[Start of section]
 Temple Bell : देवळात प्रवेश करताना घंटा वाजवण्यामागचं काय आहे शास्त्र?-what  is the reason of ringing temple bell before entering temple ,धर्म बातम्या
[End of section]
[Start of section]
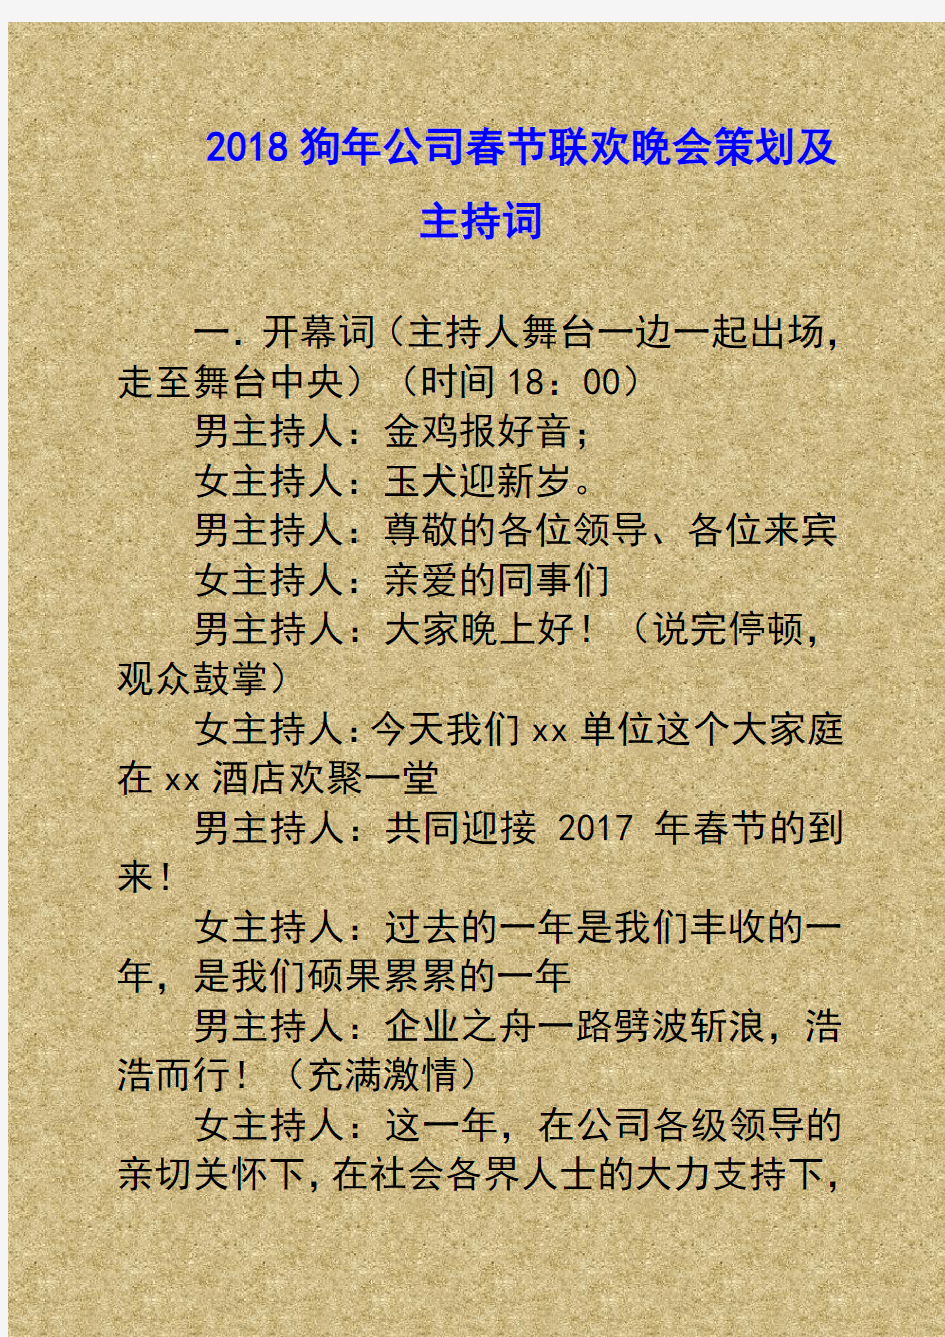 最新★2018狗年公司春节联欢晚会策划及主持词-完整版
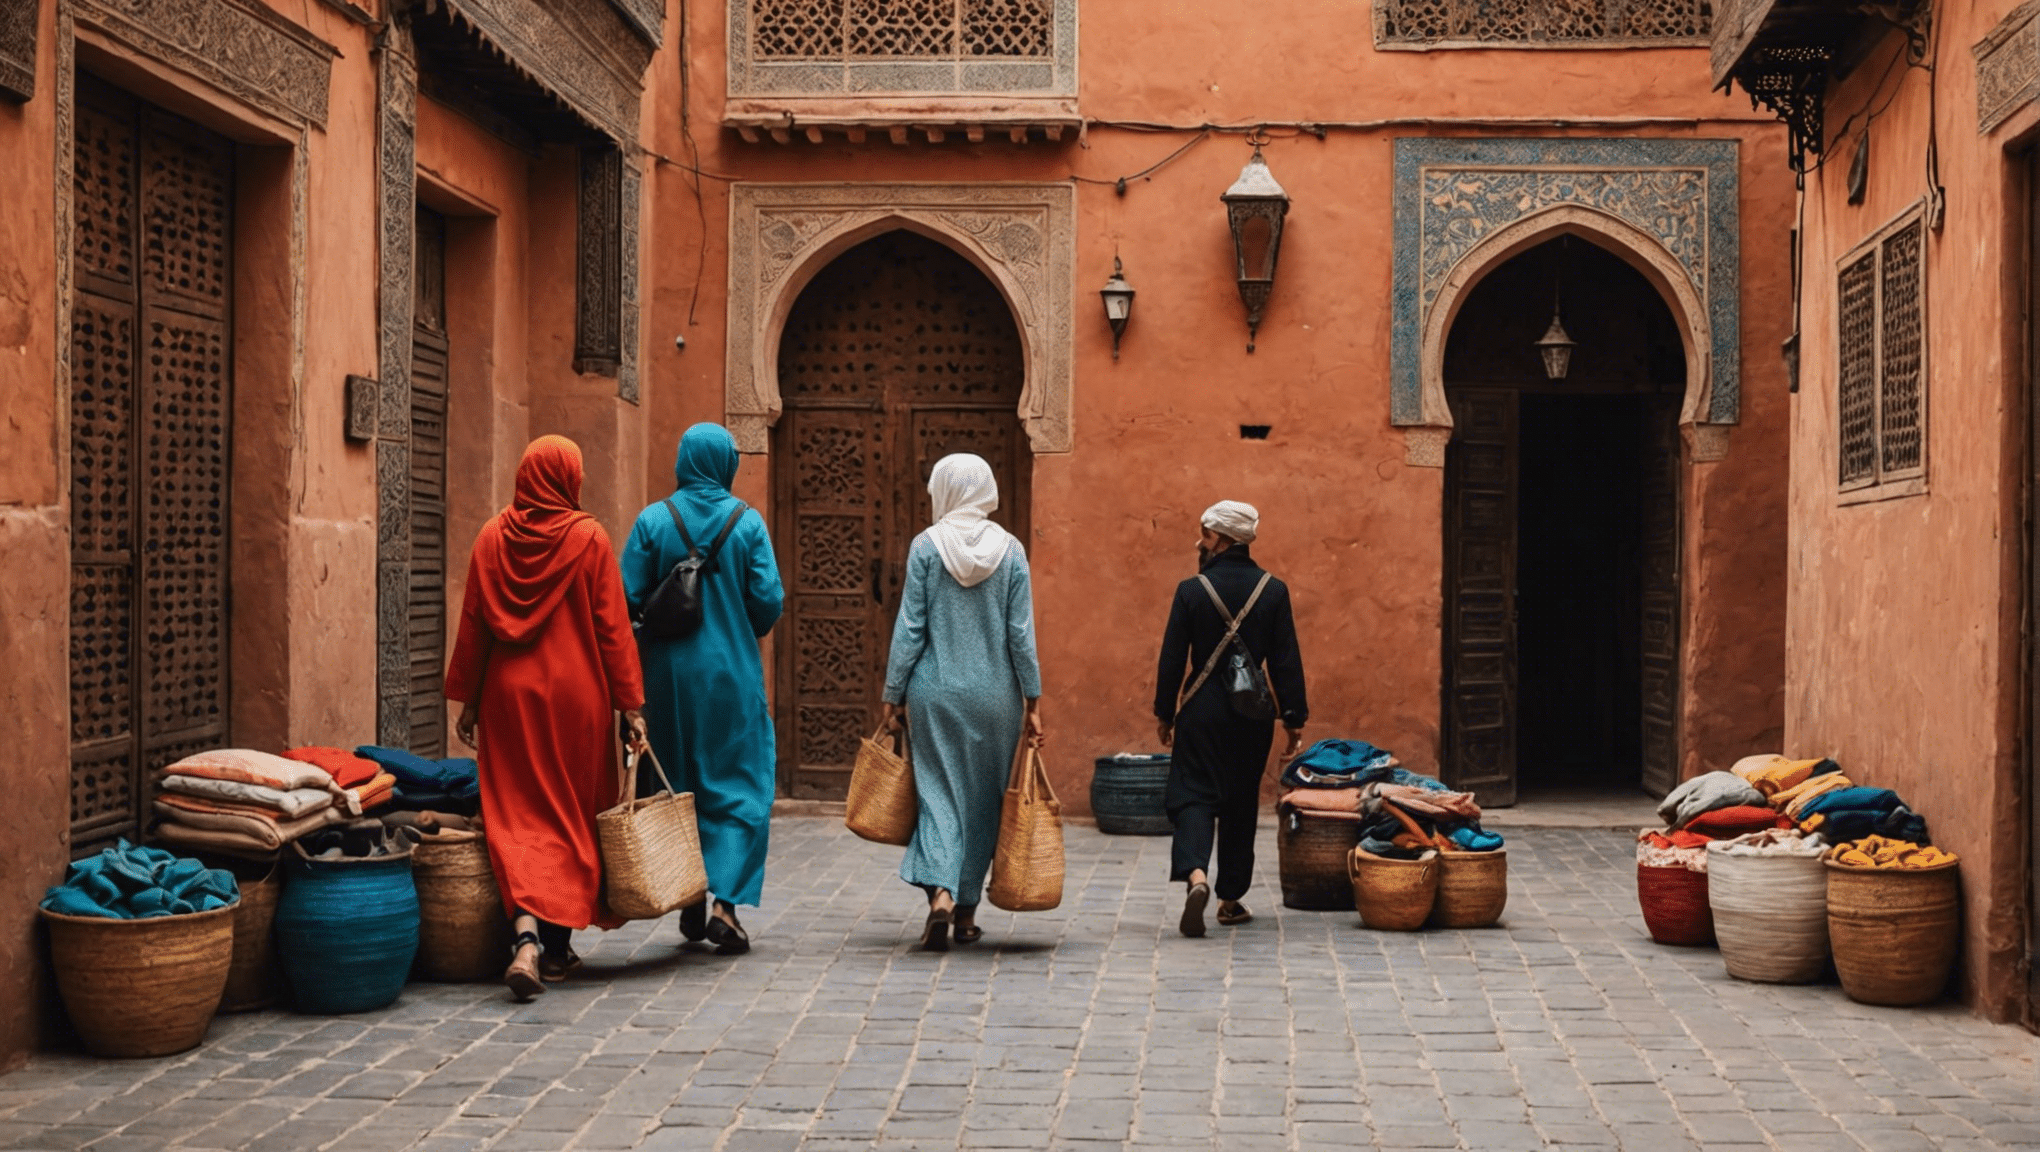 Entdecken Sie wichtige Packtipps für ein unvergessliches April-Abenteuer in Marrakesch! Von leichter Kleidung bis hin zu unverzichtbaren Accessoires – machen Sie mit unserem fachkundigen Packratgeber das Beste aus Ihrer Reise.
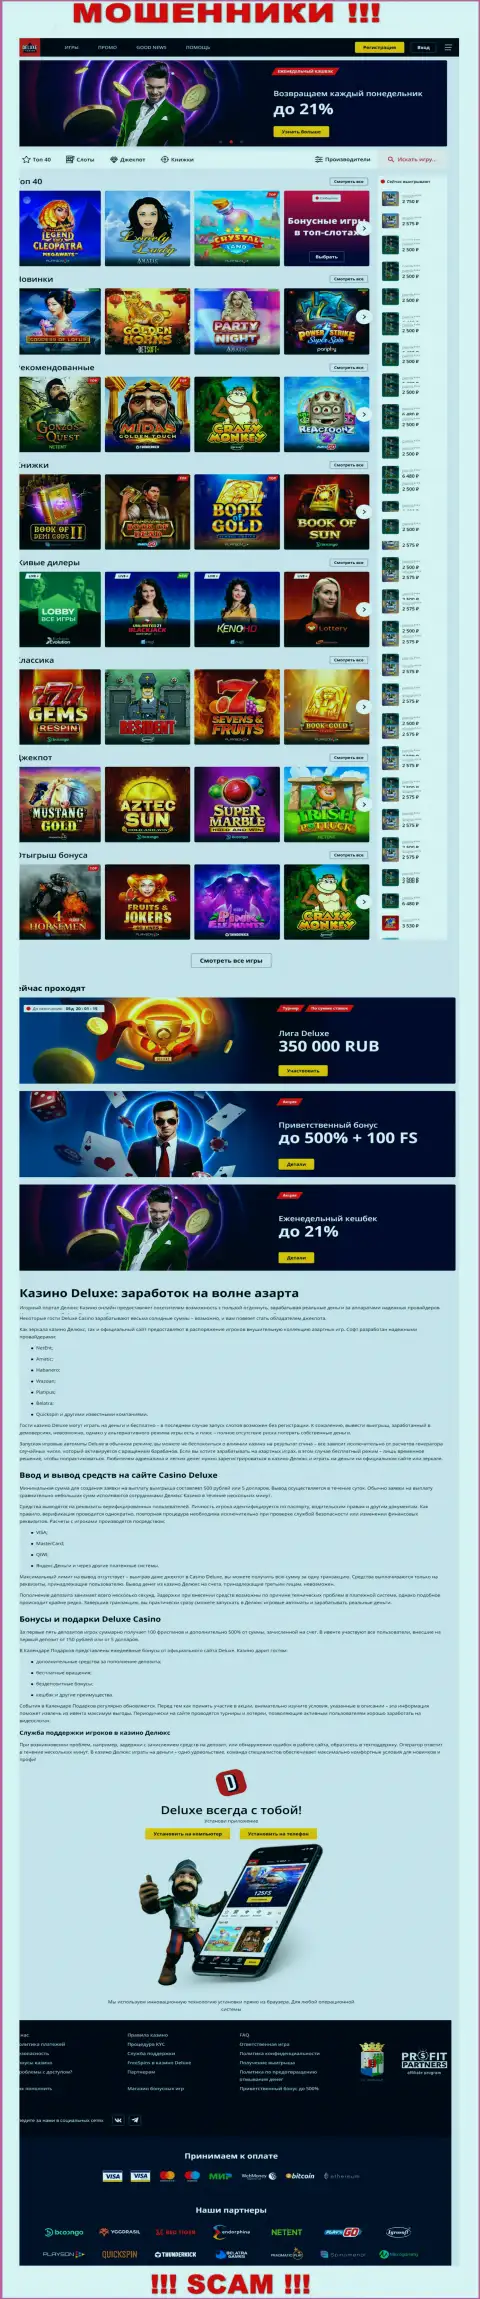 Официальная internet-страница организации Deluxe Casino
[End of section]
[Start of section]
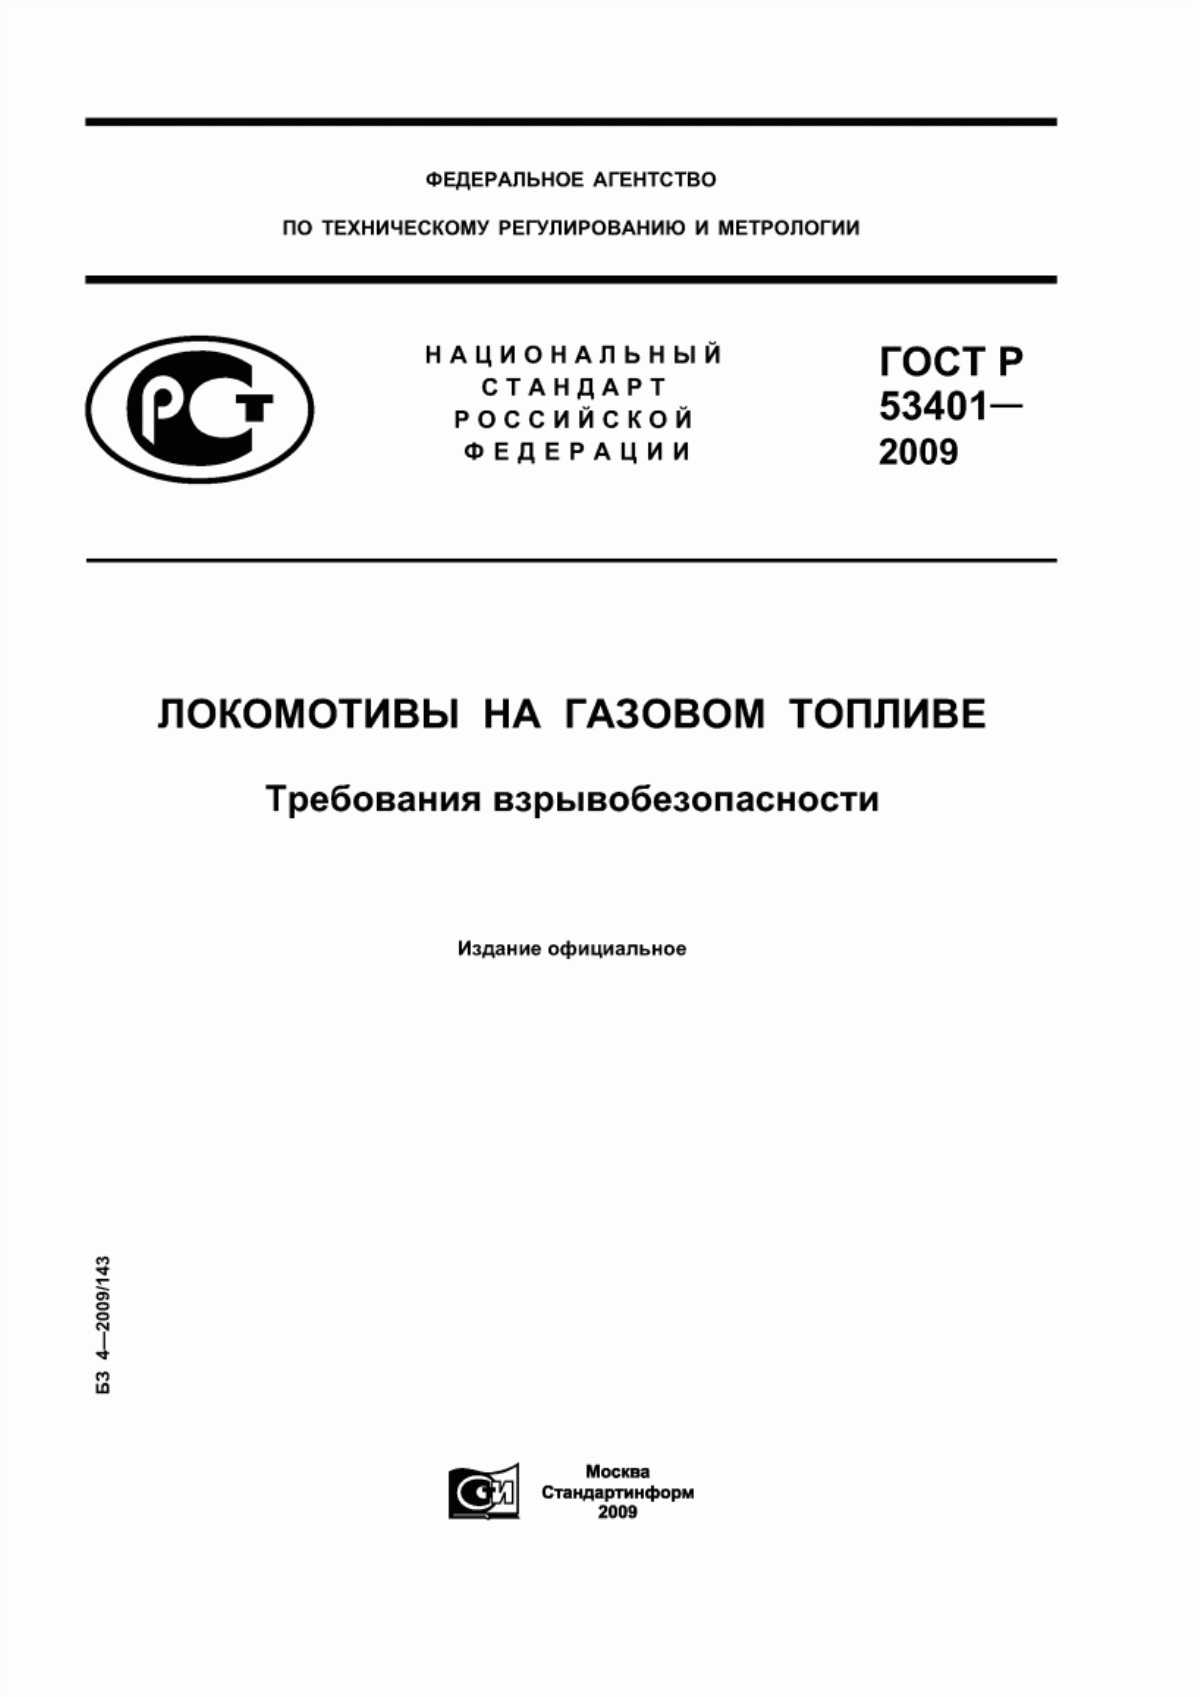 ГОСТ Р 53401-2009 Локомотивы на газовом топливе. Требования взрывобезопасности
[End of section]
**Exercise instructions**
Using the data above, which lines fall from the one with "Entdecken Sie wichtige" through the one with "Официальная internet-страница организации"? Repeat them exactly, ends included, minus any pictures.

**Result for this task**
 Entdecken Sie wichtige Packtipps für ein unvergessliches April-Abenteuer in Marrakesch! Von leichter Kleidung bis hin zu unverzichtbaren Accessoires – machen Sie mit unserem fachkundigen Packratgeber das Beste aus Ihrer Reise.
 Официальная internet-страница организации Deluxe Casino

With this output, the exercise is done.